Time Limit: 1000MS		Memory Limit: 65536K
Total Submissions: 9333		Accepted: 3264

Description

To avoid unsightly burns while tanning, each of the C (1 ≤ C ≤ 2500) cows must cover her hide with sunscreen when they're at the beach. Cow i has a minimum and maximum SPF rating (1 ≤ minSPF_i ≤ 1,000; minSPF_i ≤ maxSPF_i ≤ 1,000) that will work. If the SPF rating is too low, the cow suffers sunburn; if the SPF rating is too high, the cow doesn't tan at all........

The cows have a picnic basket with L (1 ≤ L ≤ 2500) bottles of sunscreen lotion, each bottle i with an SPF rating SPF_i (1 ≤ SPF_i ≤ 1,000). Lotion bottle i can cover cover_i cows with lotion. A cow may lotion from only one bottle.

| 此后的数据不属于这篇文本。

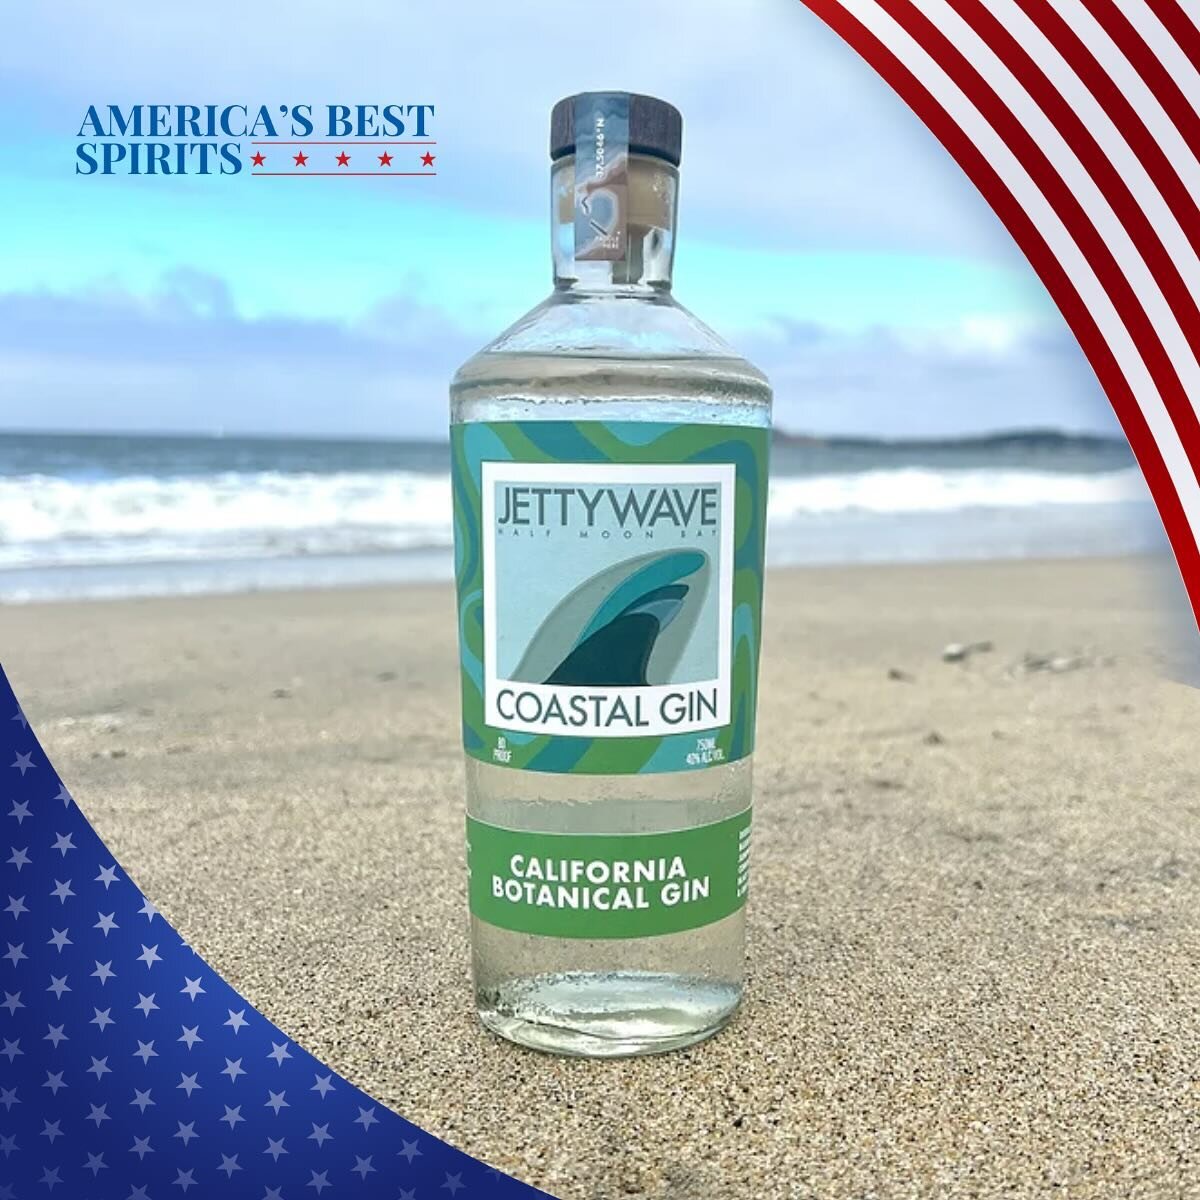 🌊✨ Celebrating Jettywave Distillery&rsquo;s Entry in America&rsquo;s Best Spirits Awards! 🥂🏆

We&rsquo;re thrilled to shine the spotlight on Jettywave Distillery, joining the ranks of America&rsquo;s finest at The Triple Crown of Spirit Competitio

What is the maximum number of cows that can protect themselves while tanning given the available lotions?

Input

* Line 1: Two space-separated integers: C and L
* Lines 2..C+1: Line i describes cow i's lotion requires with two integers: minSPF_i and maxSPF_i
* Lines C+2..C+L+1: Line i+C+1 describes a sunscreen lotion bottle i with space-separated integers: SPF_i and cover_i

Output

A single line with an integer that is the maximum number of cows that can be protected while tanning

Sample Input

3 2
3 10
2 5
1 5
6 2
4 1

Sample Output

2

Source

USACO 2007 November Gold

 

【题解】

把min从大到小排序，然后对于每个区间，放最大的SPF。分情况讨论两个区间的先后位置可得证，证明显然。

还可用二分图最大匹配做。

 

#include <iostream>
#include <cstdio>
#include <cstdlib>
#include <string>
#include <algorithm>

const int INF = 0x7fffffff;
const int MAXN = 2500 + 10; 

inline void read(int &x)
{
    x = 0;char ch = getchar(),c = ch;
    while(ch < '0' || ch > '9')c = ch, ch = getchar();
    while(ch <= '9' && ch >= '0')x = x * 10 + ch - '0', ch = getchar();
    if(c == '-')x = -x;
}

int l[MAXN], r[MAXN], cnt[MAXN], point[MAXN], num[MAXN], cntt[MAXN], C, L, ans;

bool cmp(int a, int b)
{
    return l[a] > l[b];
}

bool cmpp(int a, int b)
{
    return point[a] > point[b];
}

int main()
{
    //freopen("data.txt", "r", stdin);
    read(C),read(L);
    for(register int i = 1;i <= C;++ i) read(l[i]), read(r[i]), cnt[i] = i;
    for(register int i = 1;i <= L;++ i) read(point[i]), read(num[i]), cntt[i] = i;
    std::sort(cnt + 1, cnt + 1 + C, cmp);
    std::sort(cntt + 1, cntt + 1 + L, cmpp);
    for(register int i = 1;i <= C;++ i)
    {
        for(register int j = 1;j <= L;++ j)
            if(num[cntt[j]] > 0 && r[cnt[i]] >= point[cntt[j]] && l[cnt[i]] <= point[cntt[j]])
            {
                --num[cntt[j]], ++ ans;
                break;
            }
            else if(l[cnt[i]] > point[cntt[j]] ) break;
    }
    printf("%d", ans);
    return 0;
}